Всё происходило в полусне. Опять тяжёлая медь люстр, звуки открывающихся лифтов, волна лестницы – серебристый холодный мрамор. Ночь придвинулась к парадному подъезду, в дрожи кустов была печаль и прохлада. Потом, в своём гостиничном номере она видела стружку фонарных огней в оконном стекле – будто тонкий ножик крошил сверкающие ленты, измельчал их, дробил. Актеон приподнялся на локте, провел ладонью по её спине: «Воды?»

Она уткнулась носом, губами, всей душой в его спину, в голос, который делал её особенной. Живой, разной. Кивнула. Он принёс воды. Диана пила из высокого стакана воду со вкусом ночного мира, покоя. Днём у воды не бывает такого вкуса. Он ещё долго её обнимал, целовал бархат и шёлк, которые спорили в её теле. Ничего не говорил. И она тоже молчала. Чтобы сказать ему всё, ей не нужны были слова.

Она пробормотала:

– Сплю, и ты… Дебюсси всё же абсолютно мой композитор….

– Интересно, что всё же с ним произошло, с солистом? А рояль звучал хорошо… чутко…

Она пожала плечами в сладкой полудрёме.

–  Ты видел девочку? Молоденькую билетёршу?

Он не видел.
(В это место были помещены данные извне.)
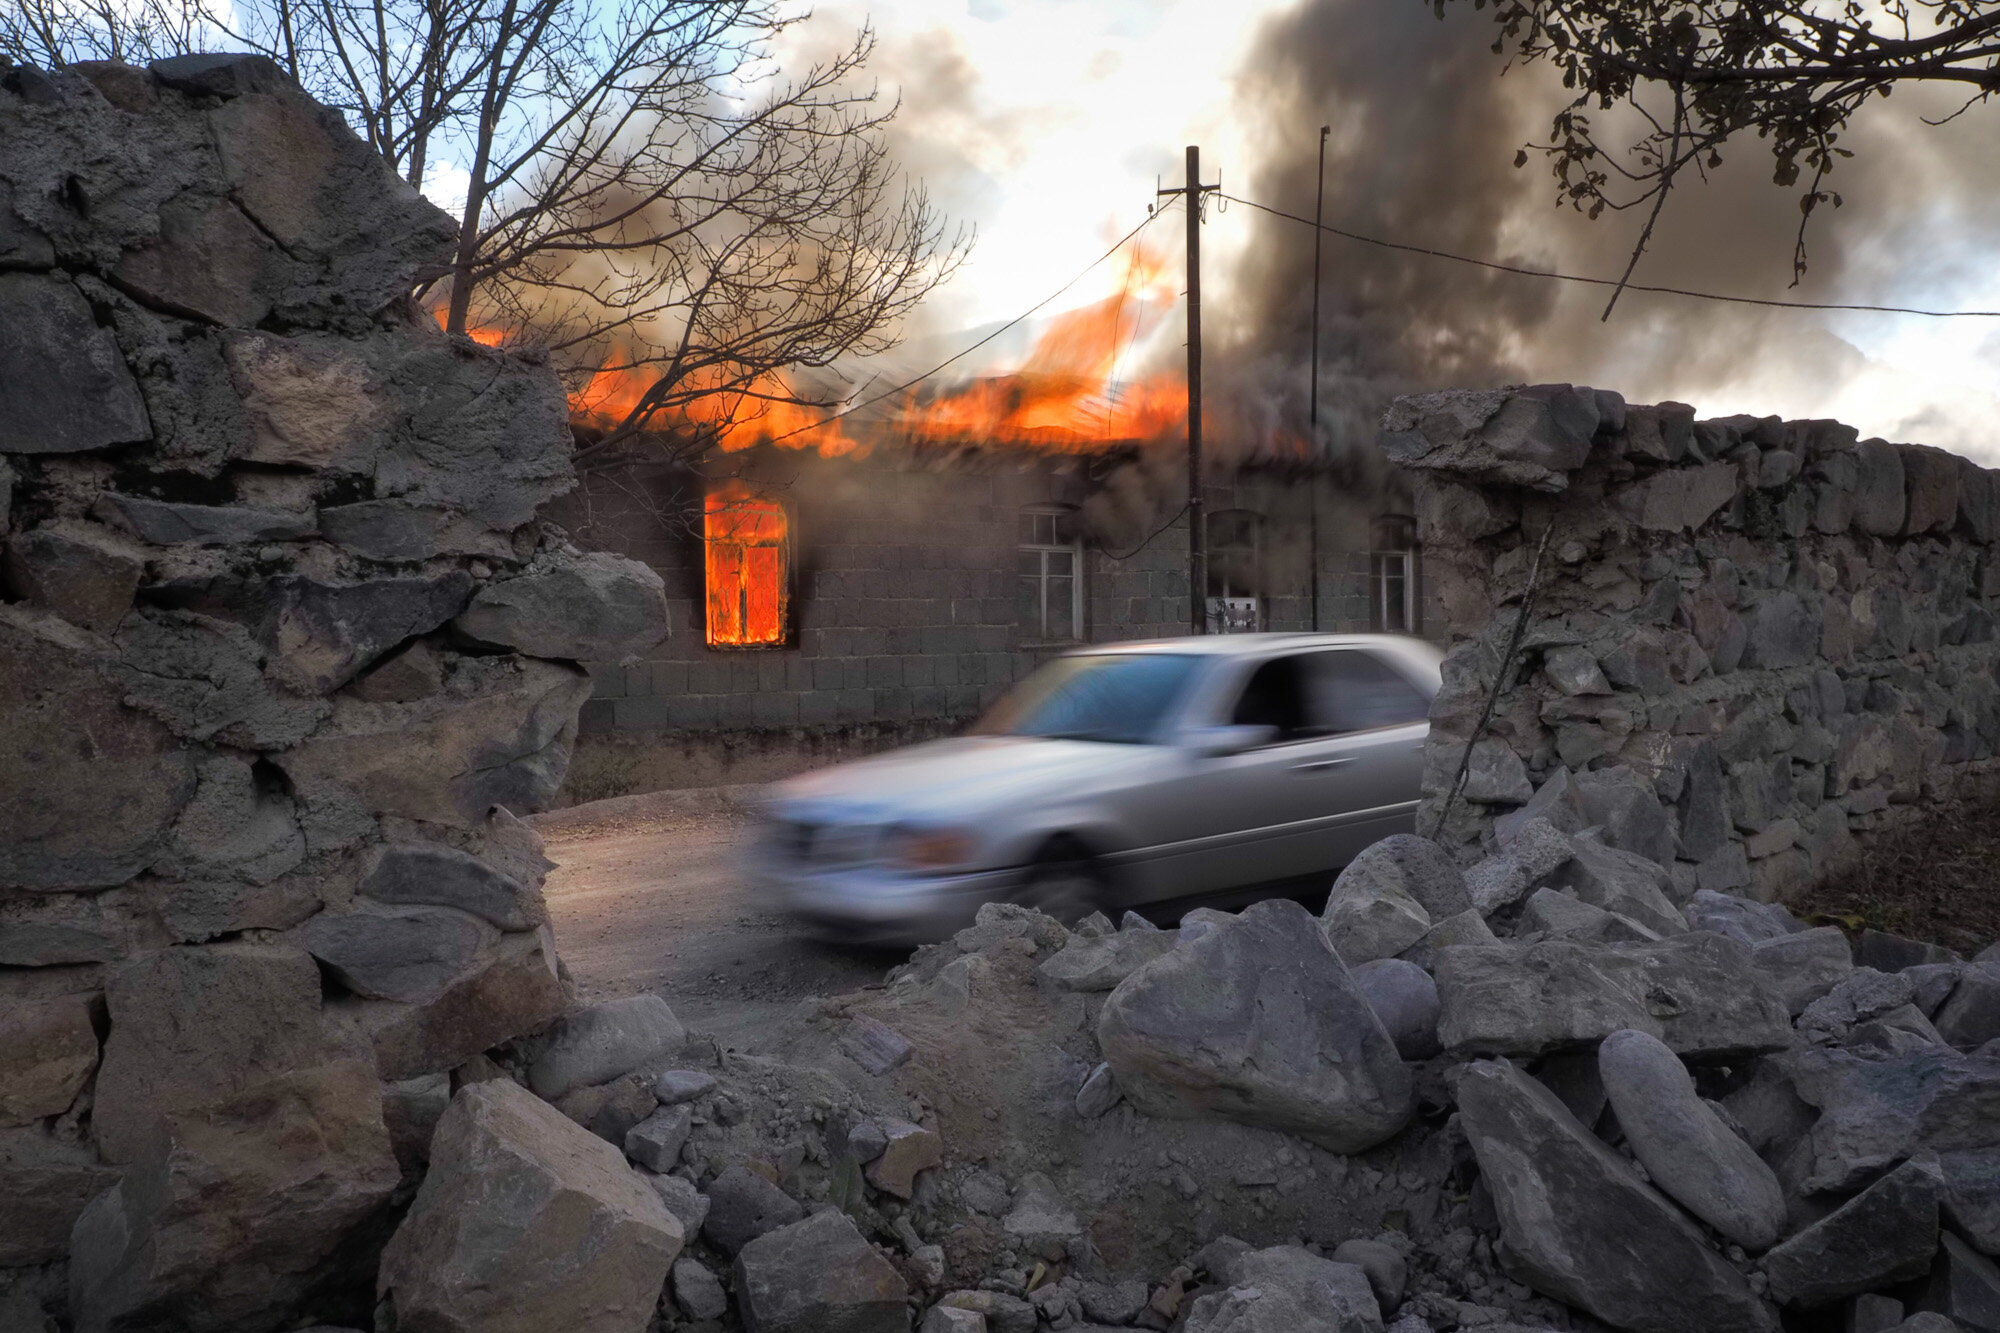  Smoke and flame rise from a burning house in an area once occupied by Armenian forces but soon to be turned over to Azerbaijan, in Karvachar, the separatist region of Nagorno-Karabakh, on Nov. 13, 2020. (AP Photo/Dmitry Lovetsky)

Диана шепнула:

– Не наблюдательный ты… Там была и его жена. Она же и агент. Высокая, в сером…

Он что-то сказал про женские глупости. Она покорно кивнула. Она была слишком взволнована, ей было слишком хорошо сейчас, чтобы отвлекаться на его несерьёзные замечания. Она засыпала медленно. В уюте мягкой постели. В каком-то сладком и счастливом интермеццо. Такие бывают очень короткими. И безумно красивыми. И ранят, как грустное воспоминание-крошка, от которого никогда не избавиться.

Актеон стоял на балконе. Синие дали тревожили смутными очертаниями то ли таинственных замков, то ли парусами фрегатов. В городке Эйлате кто-то пел и играл на аккордеоне. С крыши, где был разбит маленький сад, взметнулась летучая мышь, похожая на обрывок тумана. Он потянулся к телефону, включил его. Набрал номер. После нескольких гудков раздался знакомый голос. Он решительно  сказал:

– Это я. Не было времени позвонить. Работаю, да. Какие тут удовольствия – работа, обычная работа… Ну и что, что море? И что, что Красное? Ладно. Приеду – отдохну… Пока, не скучай.
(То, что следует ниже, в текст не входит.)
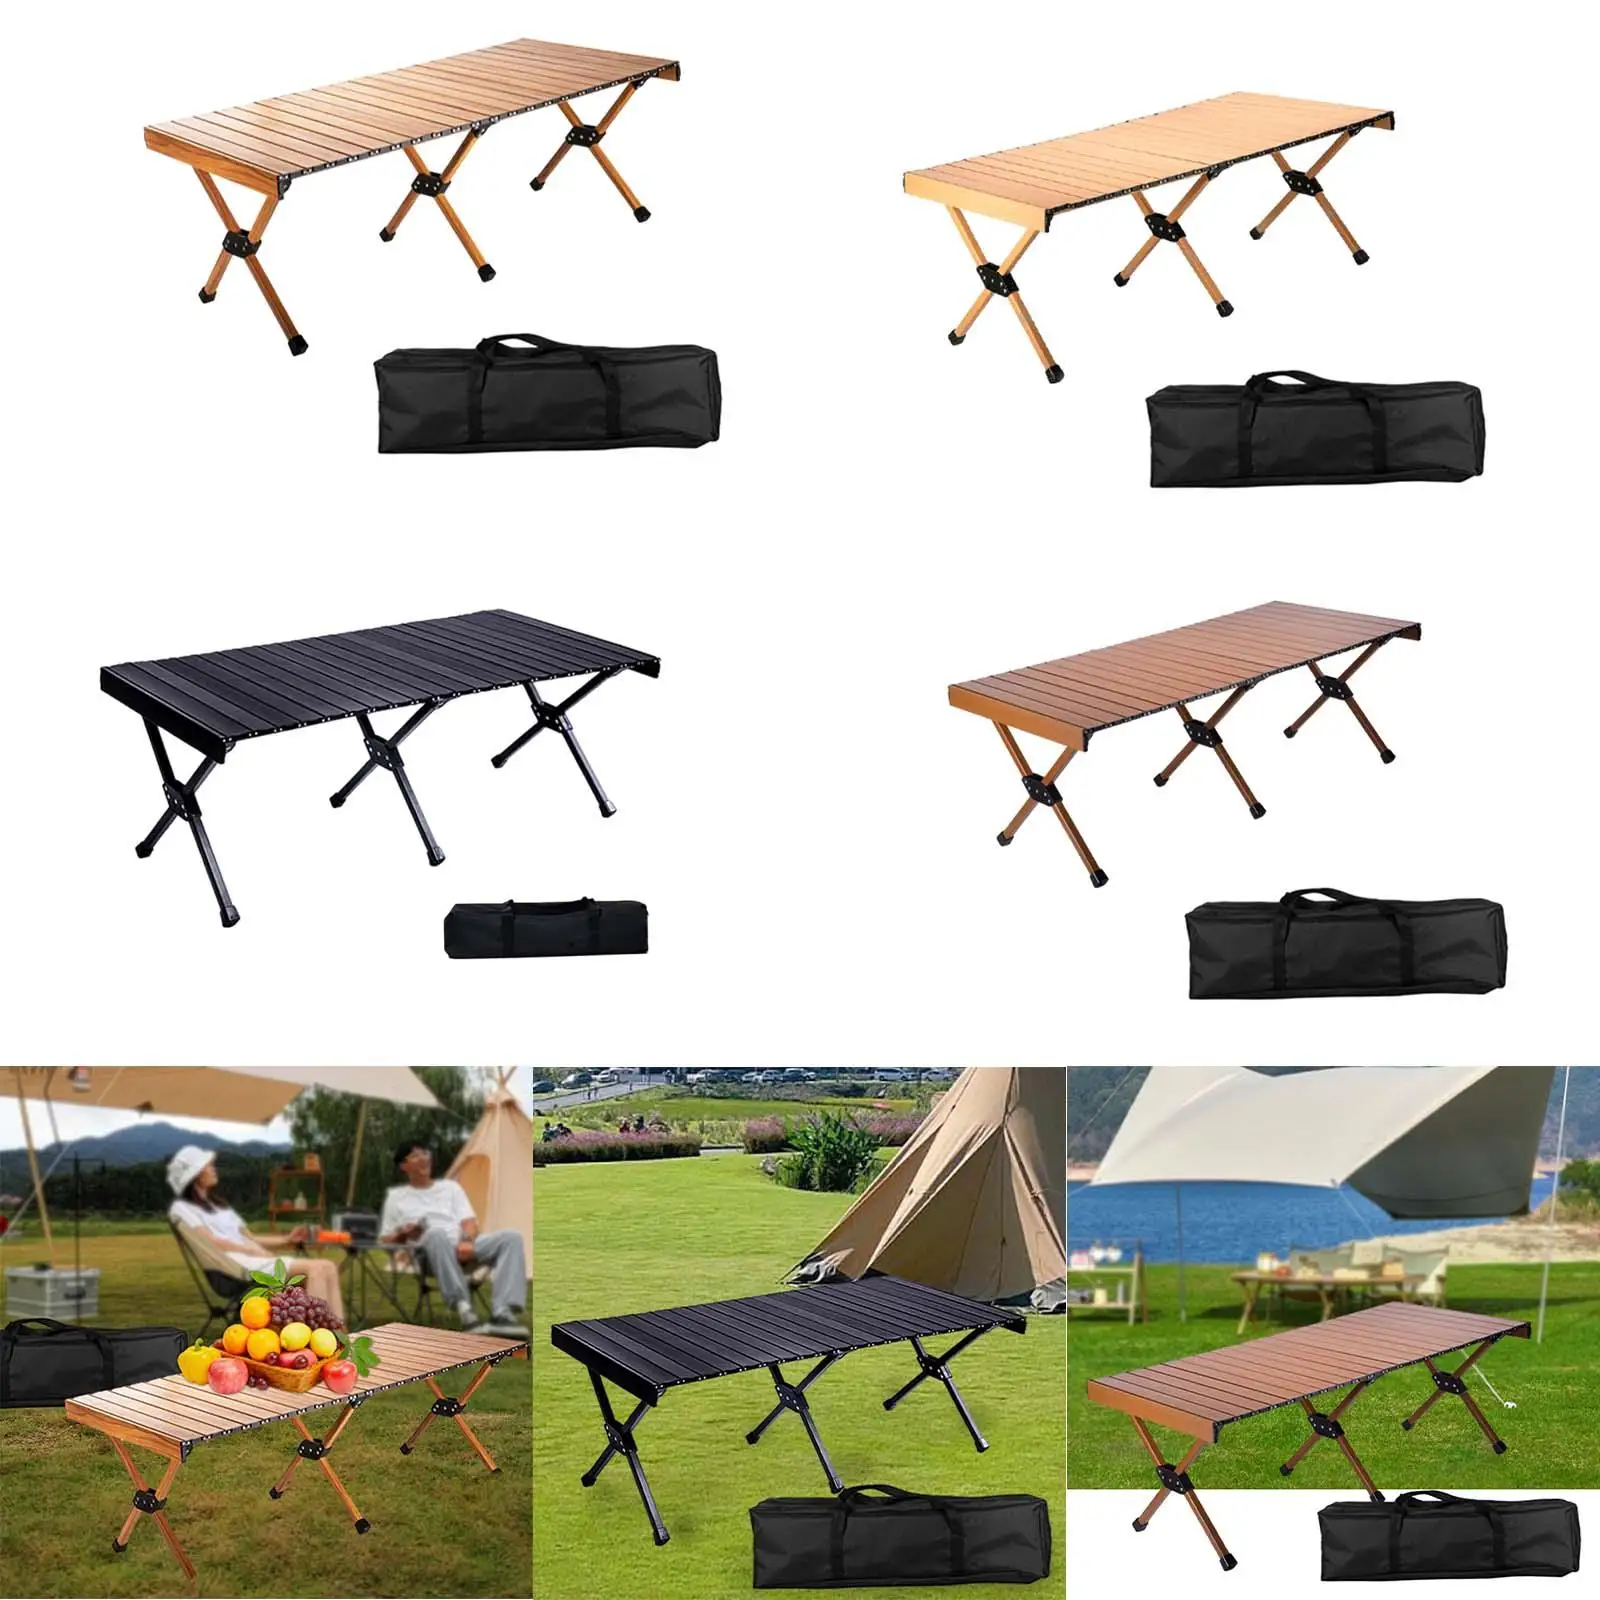 Camping Folding Table Furniture Aluminum Table Portable with Carry Bag Picnic Table for Outdoor Indoor Beach Balcony Deck Picnic

Он закрыл телефон. Оглянулся на неё, на Диану, которая мирно спала, раскинувшись в раковине высоких пухлых подушек. «Надо же, какую-то девочку заметила… жену… А Дебюсси и правда был хорош. Надо будет дома, потом, ещё раз этот опус послушать. И в этом же исполнении».       

Инна Шейхатович

Фотоиллюстрация Бориса Равича

Фотоиллюстрация Бориса Равича.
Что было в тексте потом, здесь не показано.